In the present study, new data on the Early Permian Coal from Songshao are reported with the aim to: (1) investigate geochemical and mineralogical compositions and modes of occurrence of elements and minerals; and (2) discuss the geological factors influencing mineralogical and geochemical anomalies.

2. Geological Setting

The sedimentary sequences in the Songshao Mine include Upper Carboniferous strata, Lower Permian Liangshan Formation, Lower Permian Qixia Formation, and the Quaternary system (Figure 1).
The Liangshan Formation comprises the coal-bearing seam, which underlies limestone of the Qixia Formation, and conformably overlies Carboniferous limestone.
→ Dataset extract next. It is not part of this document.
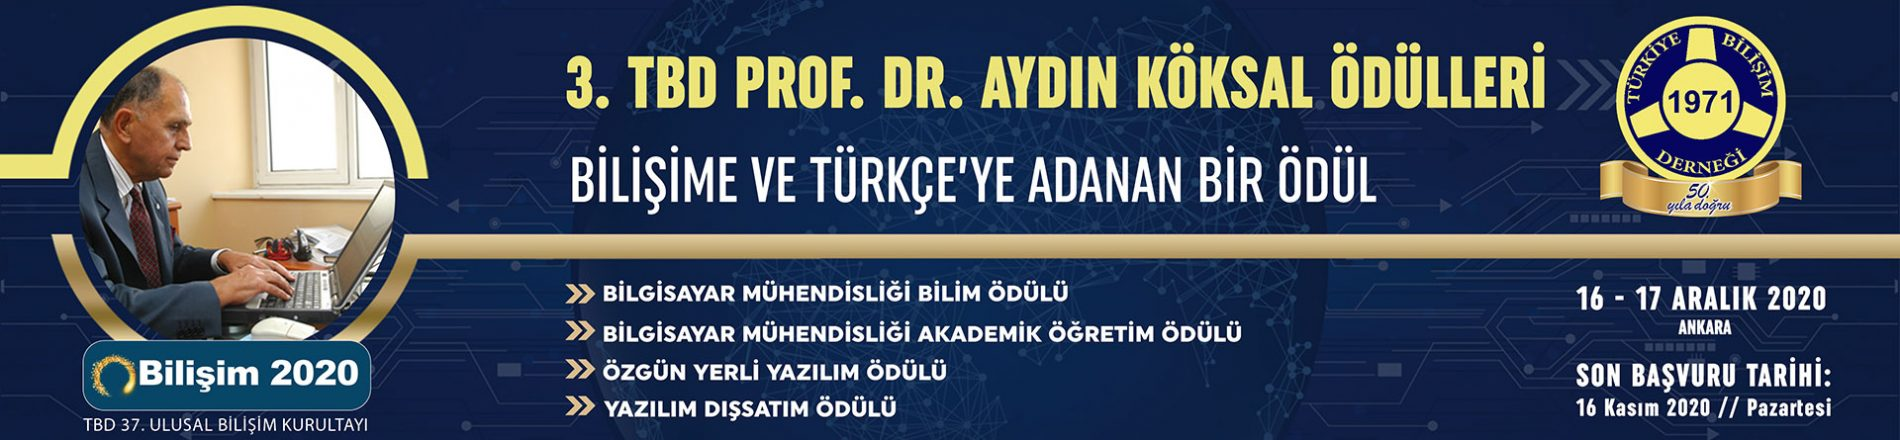 Prof.Dr. Aydın Köksal Ödülleri

The lower part of the Liangshan Formation consists of coarse quartzose sandstones; the middle part is mainly composed of mudstones, interlayered with coal seams; and the upper part of the formation consists mainly of mudstones interbedded with quartzose sandstones. The thickness of the Liangshan Formation is about 131 m, and the coal seams are numbered 1 to 4. Only the No. 4 coal seam is minable and contains several gritty mudstone partings. The thickness of the No. 4 coal varies from 2 to 6 m. Samples, taken from No. 4 coal bed were numbered as SS-R, SS-1C, SS-2C, SS-3P, SS-4C, SS-5C, SS-6C, SS-7C, SS-8C, SS-9C, SS-F1 and SS-F2 (SS-R is roof; SS-3P is parting, SS-F1 and SS-F2 are floors and others are coals).
The roof of No. 4 coal is made up of grey black carbonaceous mudstone, and the floor consists of quartzose sandstones. The Upper Carboniferous Formation is made up of dolomite limestone. The Qixia Formation consists of medium-thick and thick limestone. The Quaternary system is composed of colluvial deposits.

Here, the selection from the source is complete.